Dr. MK Orsulak often administers just a handful of COVID-19 vaccines when she goes out to homeless encampments. Sometimes she makes return trips to try again.
“But every time there’s at least one vaccine or someone we didn't get before,” she said.
With the delta variant spreading rapidly in Sacramento, advocates and health care providers are working hard to vaccinate unhoused people who have unique challenges and hold-ups around the vaccine. Orsulak, a UC Davis physician who works with numerous clinics and outreach teams serving the unhoused population, says that has made the roll-out difficult.
Just over 1,900 doses of COVID-19 vaccine have been administered to Sacramento’s homeless population as of July 29, according to data from the Sacramento County Department of Public Health. The county’s point-in-time count in January 2019 was 5,570 people, and their estimate on the total number of people experiencing homelessness annually is 10,000.
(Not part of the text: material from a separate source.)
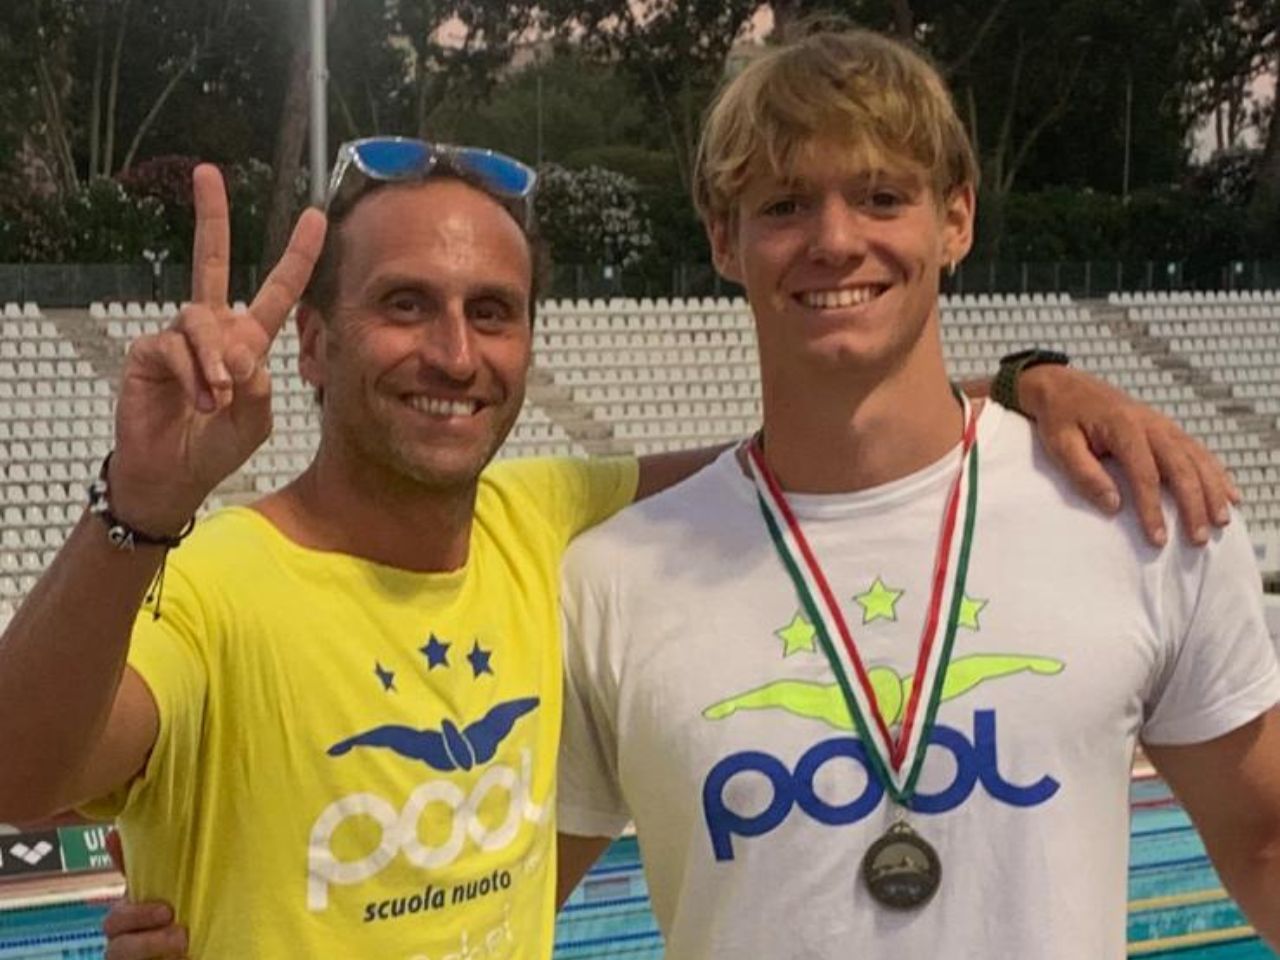 Pool Nuoto brilla ai campionati italiani, Pignotti bronzo nei 50

Orsulak and others who work with unhoused individuals say there isn’t an accurate way to calculate the vaccination rate among people experiencing homelessness, because the point-in-time count is likely an underestimate and the dose total doesn’t include people who got vaccines in locations not tracked by the county.
But they expect there are large numbers of unhoused people who haven’t gotten the shot, either because they don’t know where to find it or because they oppose vaccination.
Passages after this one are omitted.